От осознания происходящего я почти не могу сделать вдох. Невралгия? Голицына не взяла, так на мне отыгралась?

– Серьезно, Ань, это даже не смешно. – Он приближается, снова машет руками, и на этот раз опрокидывает пустой френч-пресс. – Когда ты сегодня ворвалась в кабинет, я думал, прибью тебя на хрен! А потом понял, что нет… походу, не прибью. И все. И все очевидно. Я – идиот. И я страшно тебя ревную. Я! Ревную! Я понимаю, помню, сам говорил, что это нормально, но это, черт возьми, ни хера не нормально. Потому что я не просто ревную, я в бешенстве!

Я улыбаюсь Андрею, потому что на бешеного он не похож. Только дразнит меня своими ямочками.

– Да, черт возьми, я в бешенстве!

Он пытается тщетно убедить меня.

– Ага, – говорю я, делая шаг к нему навстречу. Обнимаю за талию, и он в ту же секунду сгребает меня в те самые медвежьи объятия.

– Я не хочу, чтобы ты выбрала его. Не хочу, чтобы ты вообще выбирала. И тот факт, что я не имею права ничего требовать… он меня на самом деле убивал. Каждый раз, когда я хотел тебе это сказать, я останавливался и думал, что ты молода, а я… идиот!

Этот монолог – лучшее, что я слышала в своей жизни.

– Я молода, а ты идиот, – подтверждаю его слова, утыкаясь лицом в поло с дурацкой, но безумно счастливой улыбкой. – Мой идиот.

Глава 39


Мы лежим в постели уже минут тридцать, не меньше. Просто так, даже не целуемся, хотя Андрей снял поло, падая рядом со мной, и я, последовав его примеру, избавилась от футболки. Нам так удобнее – больше кожи, тепла. Но мы оба страшно устали, вымотались и выгорели, чтобы думать о сексе. Мы даже не двигаемся. Я слушаю размеренный стук его сердца. Сейчас мне больше ничего и не нужно, кроме руки Андрея, которой он обнимает меня за спину и гладит по плечу. Кроме наших попеременных вздохов и соприкасающихся ног.

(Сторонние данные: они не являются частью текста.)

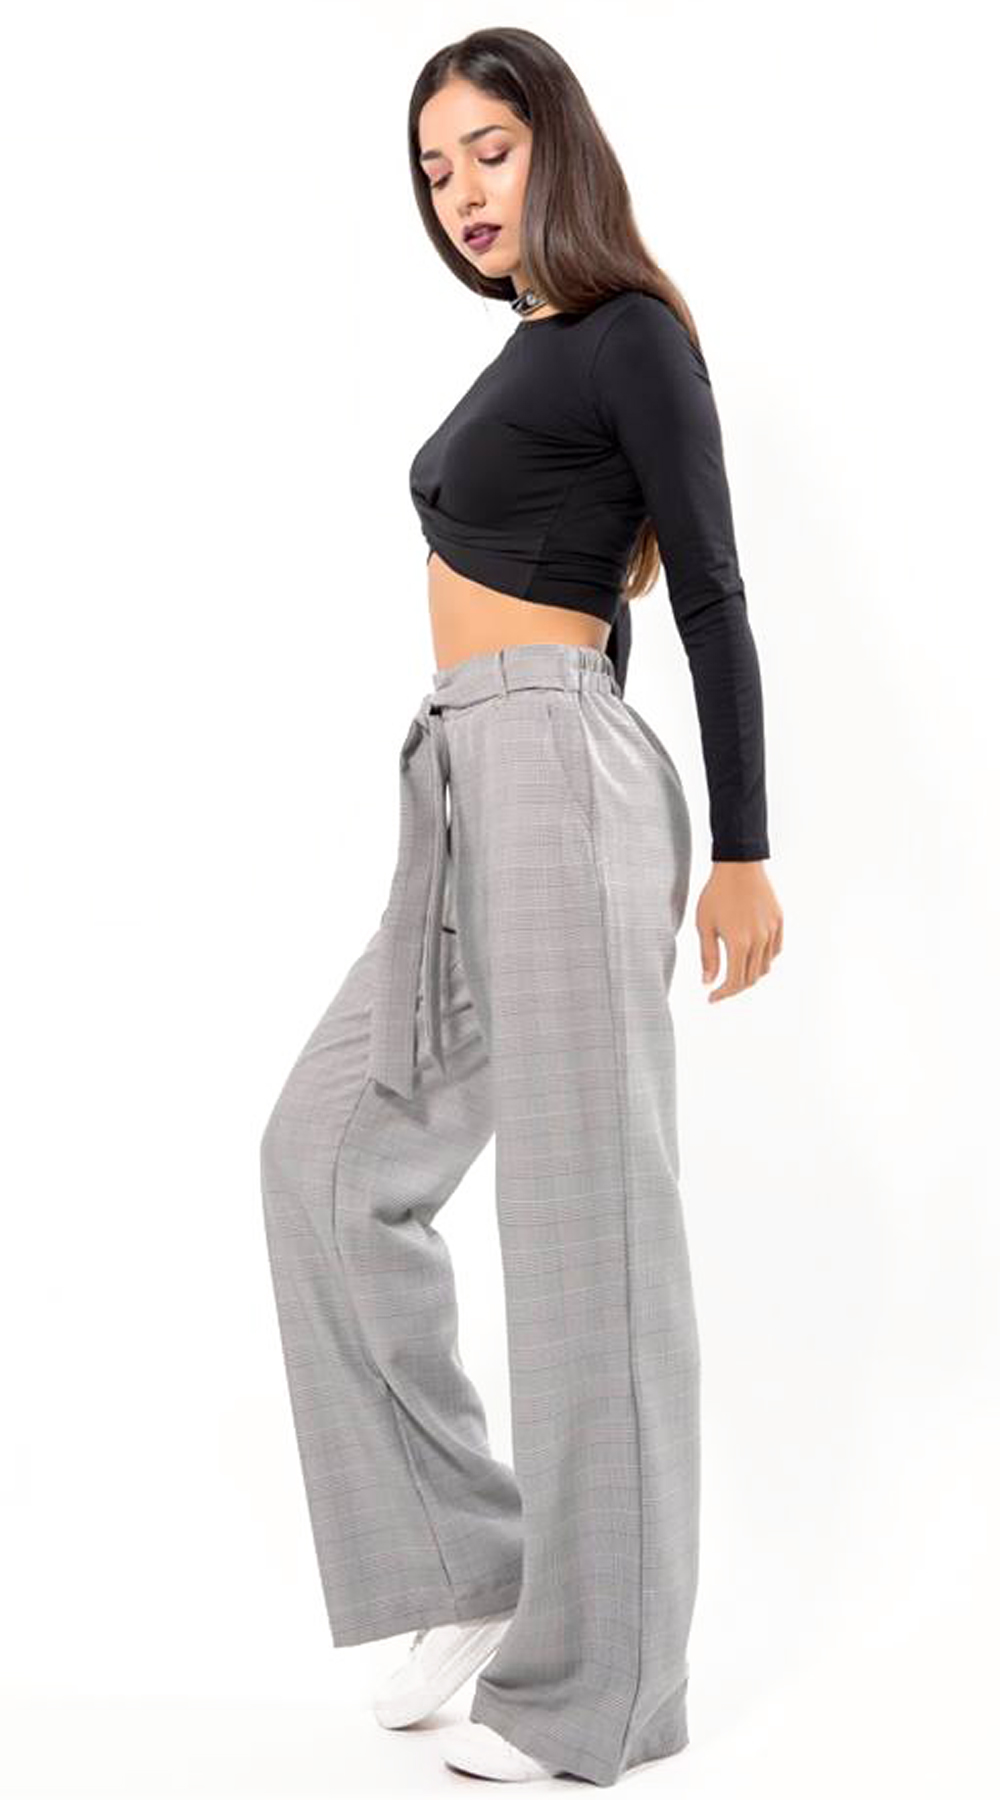 080fc384e55 Γυναικείο φαρδύ παντελόνι καρό | ΚΟΛΑΝ - ΠΑΝΤΕΛΟΝΙΑ | missreina.com

– У меня много вопросов накопилось. Я могу их тебе задать? – аккуратно интересуюсь я, чувствуя, что он ослабил оборону. Ох уж эта неприступная инженерная крепость!

– А раньше не могла?

Я пожимаю плечами:

– Раньше я не понимала, что между нами.

– А сейчас понимаешь? – Его голос все еще расслаблен, из чего я делаю вывод, что он скорее подначивает меня и шутит, чем хочет в чем-то упрекнуть. А значит, мне не стоит напрягаться, главное мы уже выяснили.

Андрей не собирается избавляться от меня. Хотя кто бы ему это дал сделать.

– Я бы идентифицировала то, что между нами, как обоюдную влюбленность. Есть такой формат отношений?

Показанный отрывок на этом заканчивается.